For evaluating whether high-scoring flow signals carry real directional information, 12 months is the practical minimum. You need enough samples per sector and score tier to generate confidence intervals below ±10 percentage points.
How to backtest options flow signals
A rigorous options flow backtest follows five steps:
- Define your signal universe. What qualifies as a signal? For example: score ≥ 70, premium ≥ $100,000, aggressor side = ASK, execution = SWEEP. This becomes your filter. Apply it identically to every session in your dataset: no look-ahead, no manual selection.
- Record the snapshot. For each qualifying signal, record the underlying's closing price on the signal date (or the midpoint price closest to the signal timestamp for intraday precision). This is your entry reference price.
- Measure forward returns. At your chosen horizon (1 trading day, 3 days, 5 days), record the underlying's closing price. The forward return = (exit price − entry price) / entry price × 100%.
- Classify the outcome. A CALL signal is a directional hit if the forward return is positive; a PUT signal is a hit if the return is negative. This directional classification, not options P&L, is the cleanest signal quality metric (it removes IV, decay, and bid-ask noise from the equation).
- Aggregate by tier, type, and sector. Calculate hit-rate (% correct directional calls), average forward return, and standard deviation by score tier (EXTREME / ELEVATED / NOTABLE), option type (CALL / PUT), and sector (Technology, Biotech, Energy, etc.). The tier × sector cross-tab is where the most actionable patterns appear.
Common backtesting mistakes
- Survivorship sampling: only including signals that were followed by large moves. This is the most common form of options flow cherry-picking and produces meaninglessly inflated hit-rates.
- Intraday timing games: using the low of day as the entry price for call signals and the high of day as entry for put signals.
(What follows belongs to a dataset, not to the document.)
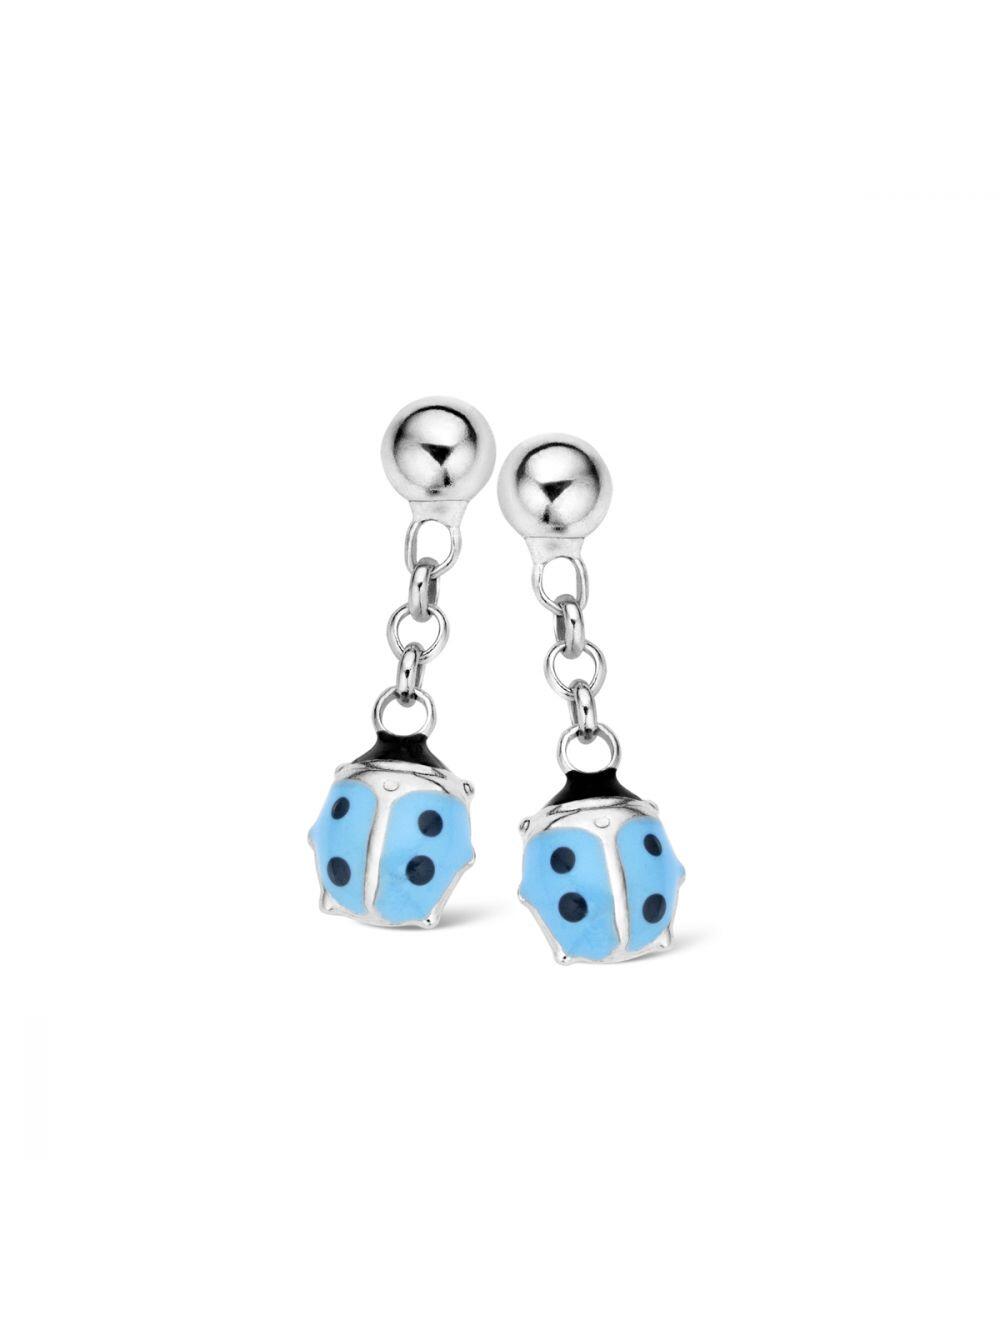 Blue ladybug earrings pendant

A fair backtest uses the same objective price (closing price or signal-time midpoint) for every signal.
- Ignoring small samples: reporting a 100% hit-rate from 4 signals in biotech is worse than reporting a 60% hit-rate from 80 signals. Require a minimum sample (30+ per cell) before reporting a rate.
- Mixing market regimes: a backtest that runs across 2020 (crash + recovery), 2021 (gamma squeeze), and 2022 (rate hikes) is averaging over very different environments. Segment by regime to find where signals are strongest.
- Forgetting the denominator: reporting 10 winning examples without disclosing how many total signals were evaluated in the same period.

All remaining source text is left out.